Once upon a time there was a boy. He trusted everyone without reservations, he was open, expansive, kind, always ready to make friends with everyone. There were good things and bad things, but mostly good things, except…
Except two very distinct incidents. Two occasions in which his trust was completely betrayed and it hurt. A lot.

The first time, he was maybe six, seven years old; he was “betrayed” by his own blood. He felt completely powerless, vulnerable, unprotected. No matter what he said nobody listened to him. It was all perfectly and rationally justified. Except it left a deep emotional scar in the boy.

Even so, time passed and the boy remained the same. Trusting, expansive, caring, kind, happy, mischievous like every other boy or girl at that age. Around the age of eleven, he was betrayed again; this time it was outside. He felt that he couldn’t say anything to anyone, nobody would listen or even believe him.

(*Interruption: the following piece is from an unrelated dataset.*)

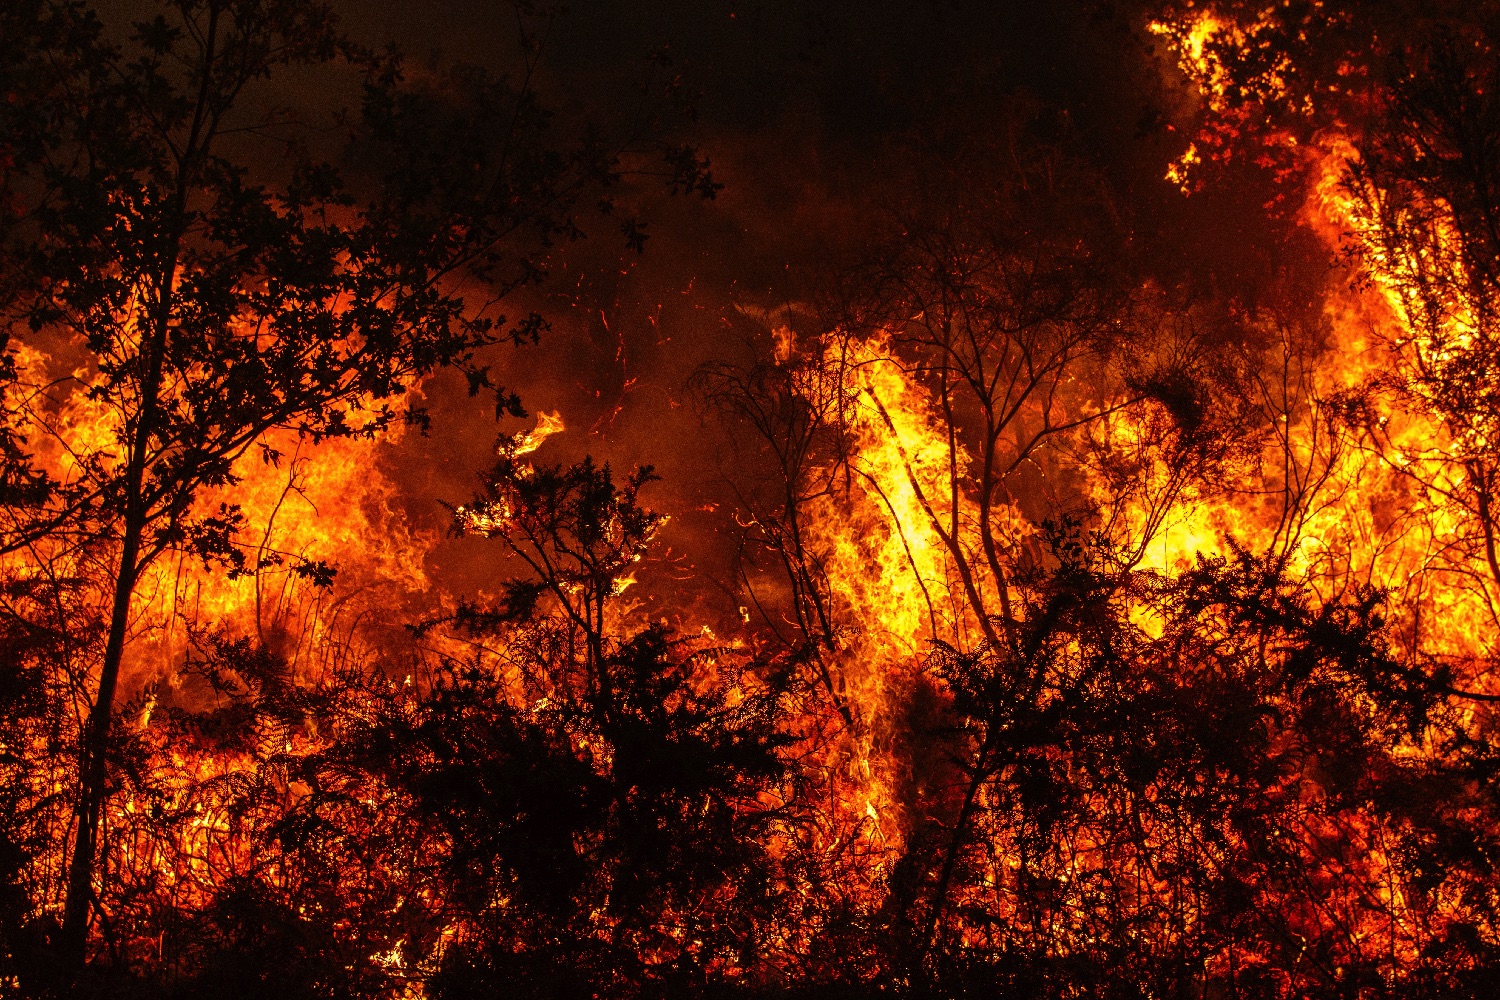 A.I. Cameras Help Stomp Wildfires Before They Become a Major Problem ...

And so the boy closed himself up to the world. He never trusted anyone again, not like he used to. He raised an inpenetrable barrier around him, withdrew to his own private world and kept himself safe from harm. He still made friends, he trusts the very few true friends he has with his life, but they are really very few. Deep down inside, he is still the same boy, now a grown man. And yet, he does not give away his trust lightly to anyone like before. He became shy, a bit of an introvert, keeps quiet in a corner observing in the middle of large groups, at parties or any social event. He learned to see through people’s masks and specially learned and still learns to trust his intuition about people and events.

Few people are lucky enough to see his true self, unabashed, crazy, enthusiastic, happy, kind and caring. Maybe those two traumatic events in his life had more consequences than just the trench that he dug up around him. Maybe he became such a big protector of others, specially people close to him, because of those events. It’s a way of breaking the cycle, killing the pattern of “un-protection” that he had in his own life.

Whatever those two events were, and he knows exactly what they were, they represent turning points in his life, they broke him. He’s not broke beyond repair, but the recovery is a long, hard and very painful process. He is getting there, at his own pace, doing baby steps, onde after the other.